# SOURCE MATERIAL
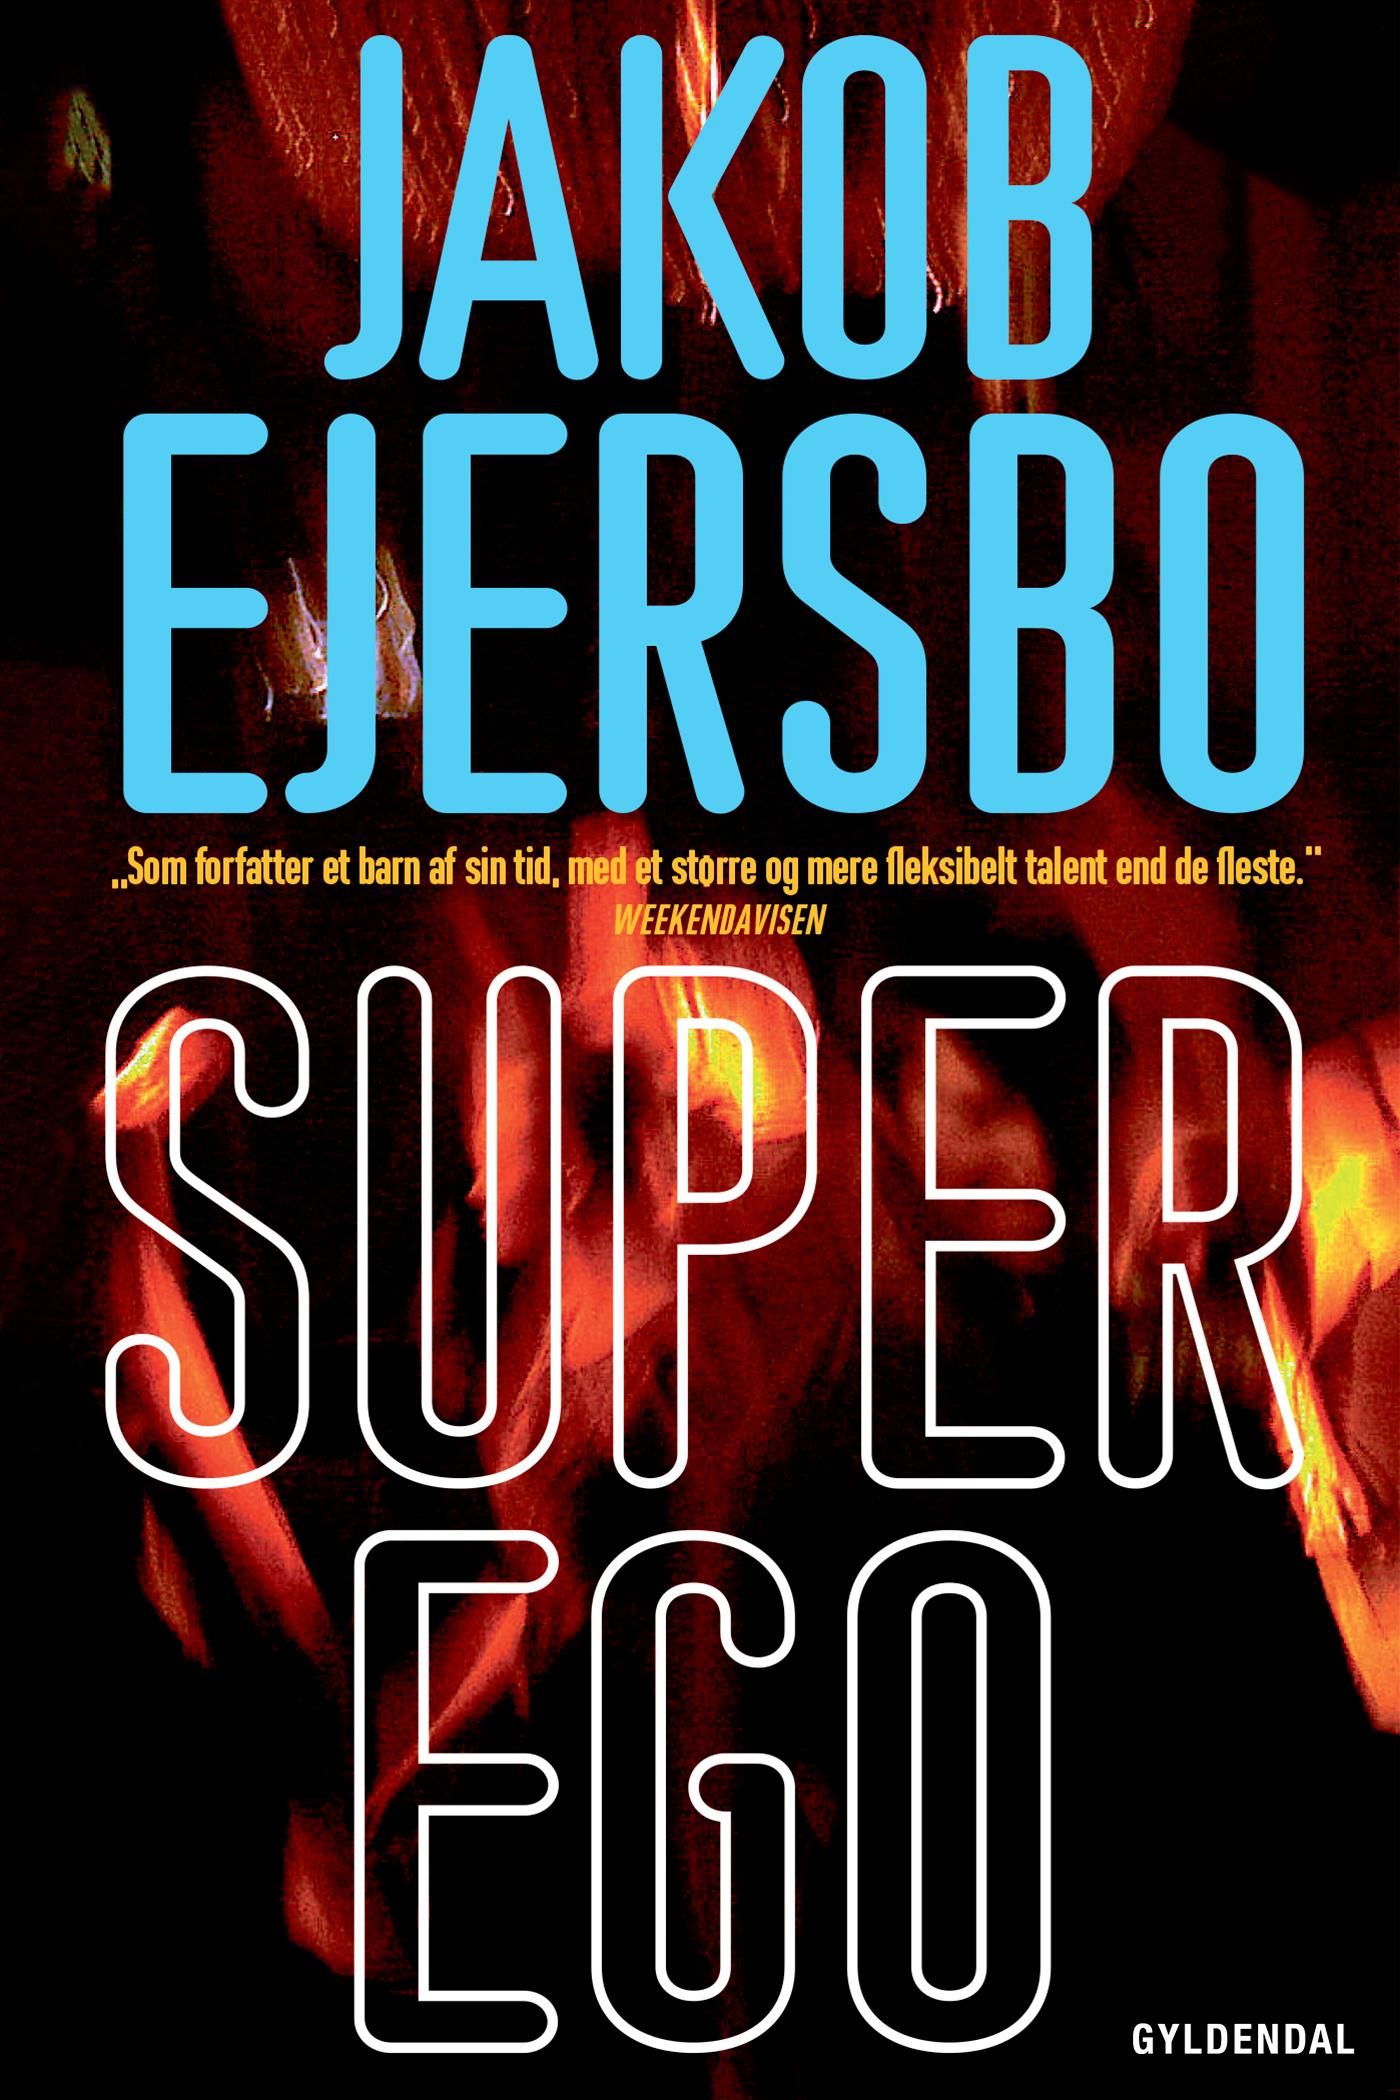 Superego, eBook by Jakob Ejersbo
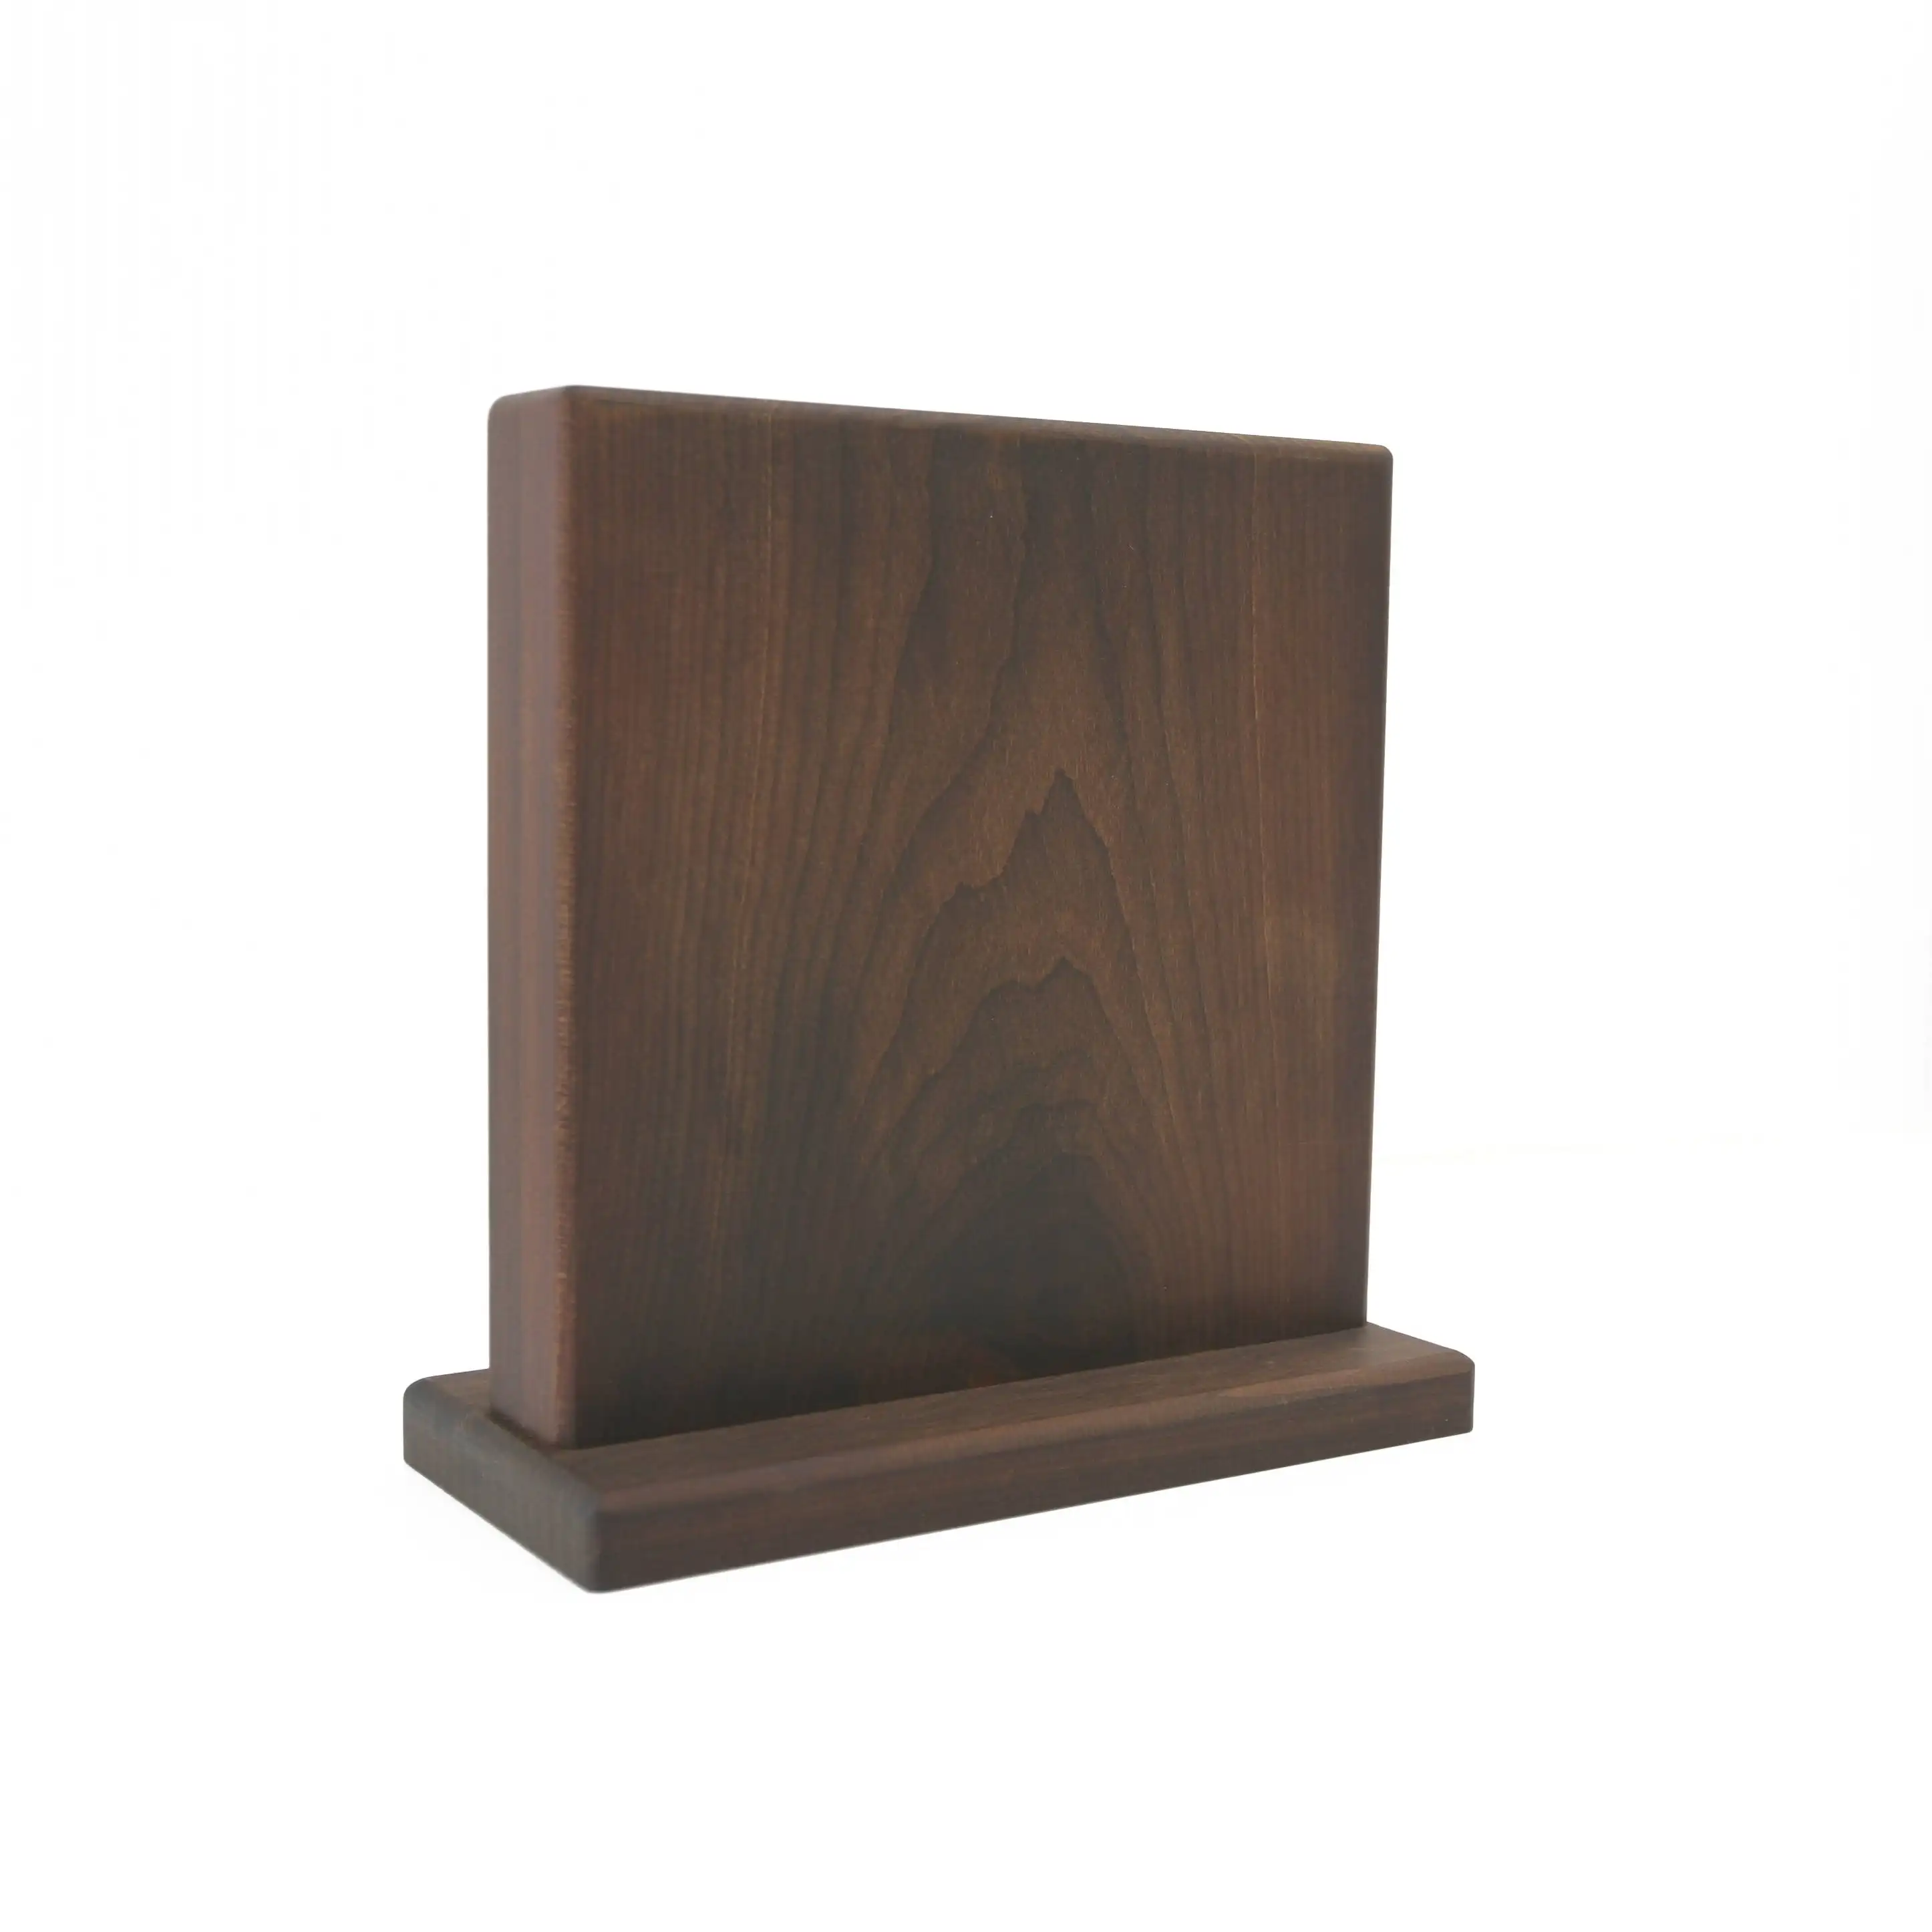 BOUMBI bellissimo ceppo portacoltelli magnetico in legno con venature del legno con potenti magneti espositore per posate a doppio lato
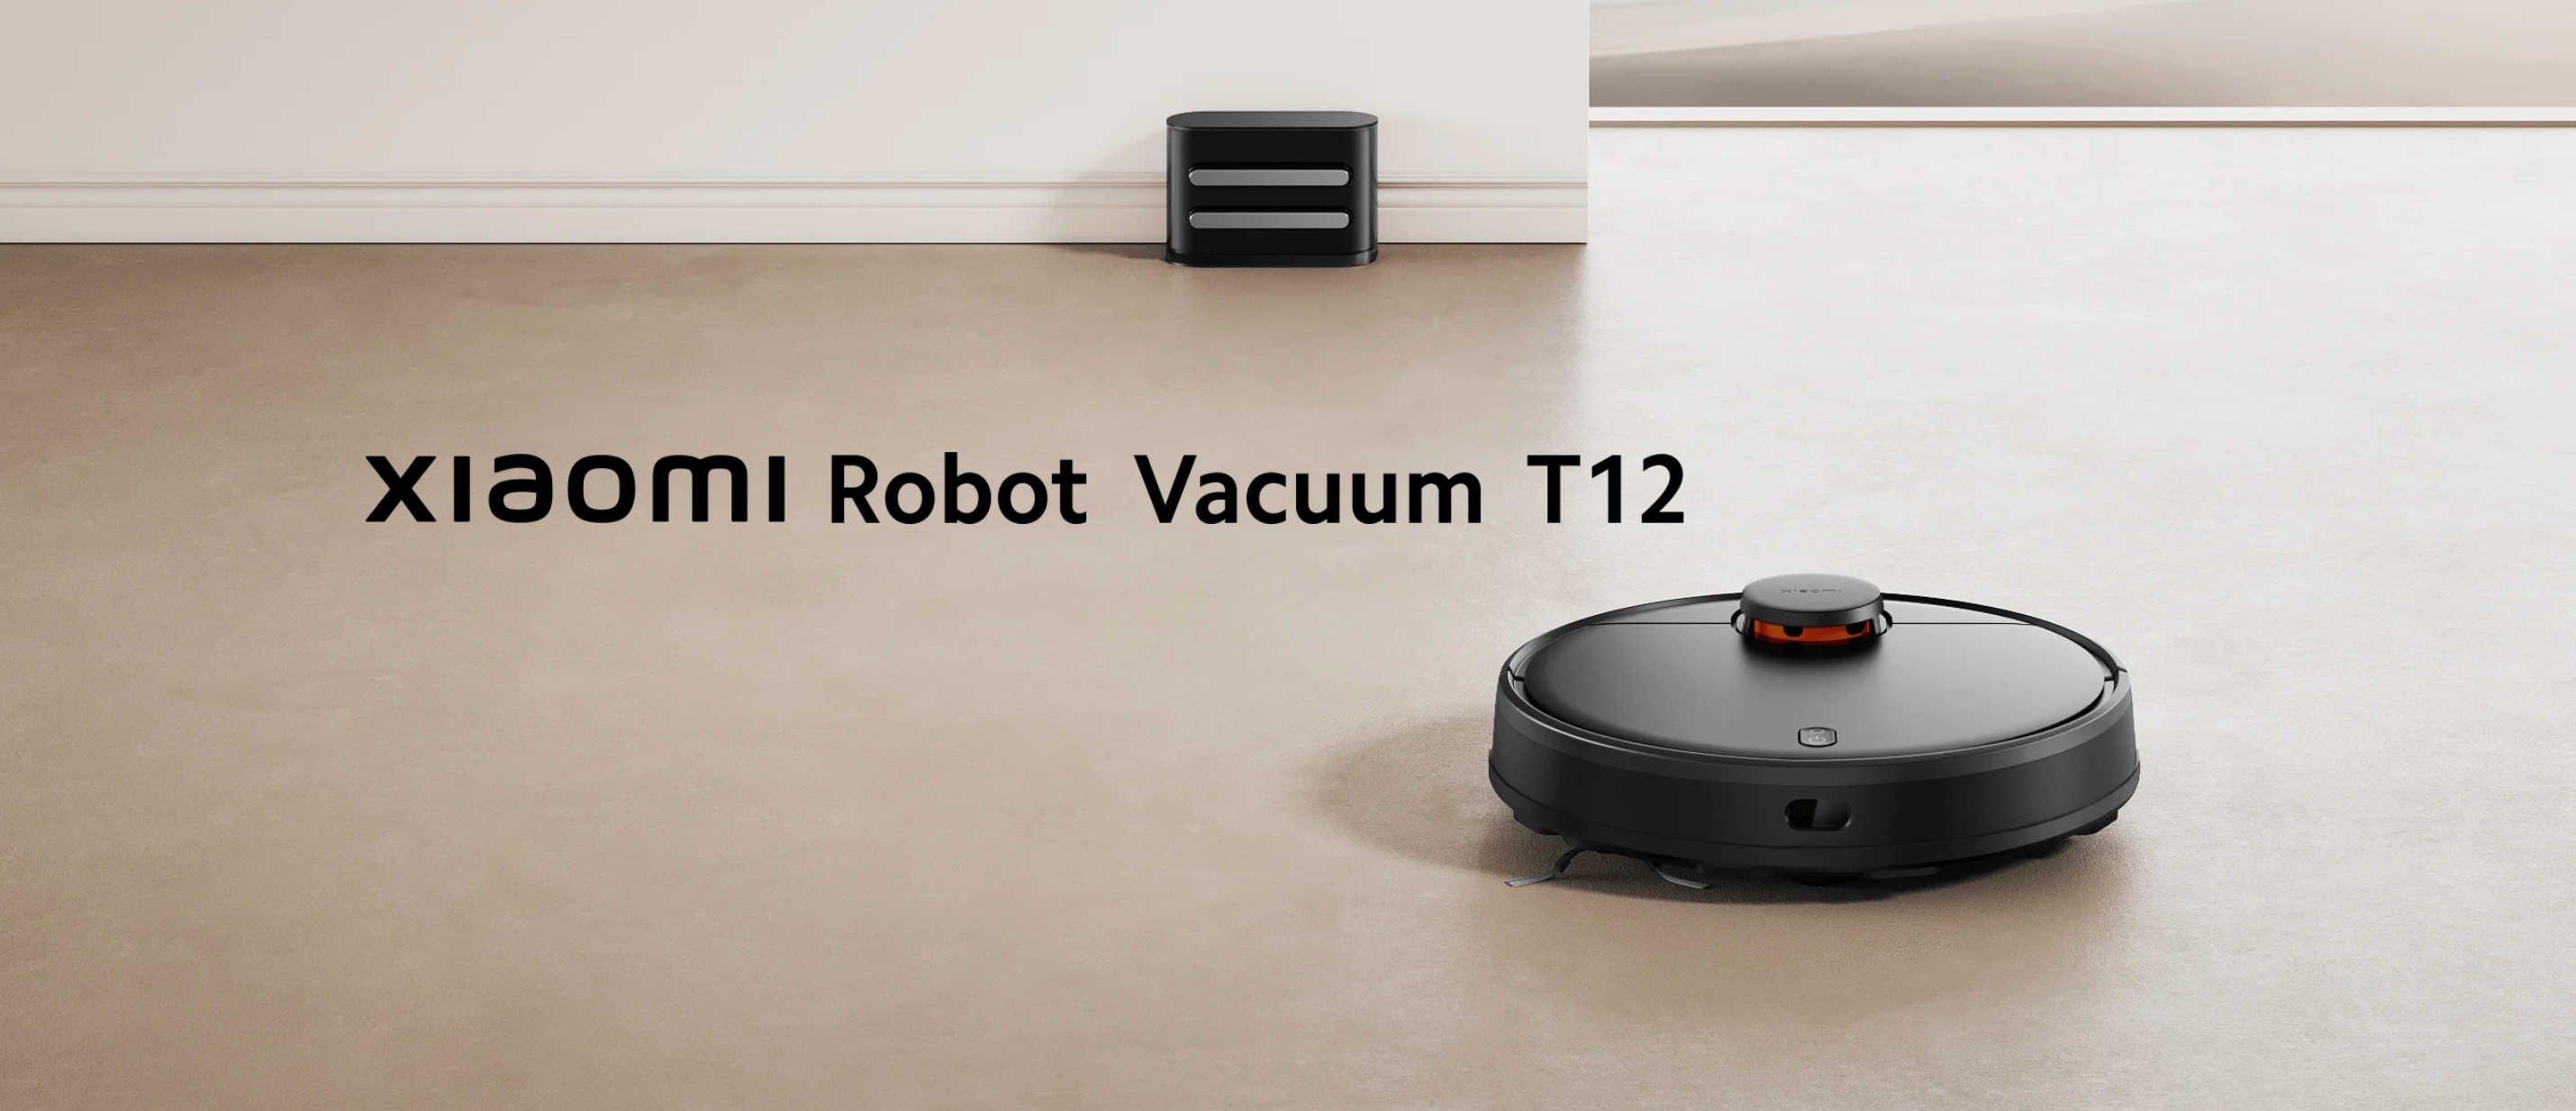 Desde 169 euros: Xiaomi Robot Vacuum T12 debutó en Europa

# PROBLEM STATEMENT
Leave the pictures out and return the rest of the material exactly.

# EXERCISE RESPONSE
 Superego, eBook by Jakob Ejersbo
 BOUMBI bellissimo ceppo portacoltelli magnetico in legno con venature del legno con potenti magneti espositore per posate a doppio lato
 Desde 169 euros: Xiaomi Robot Vacuum T12 debutó en Europa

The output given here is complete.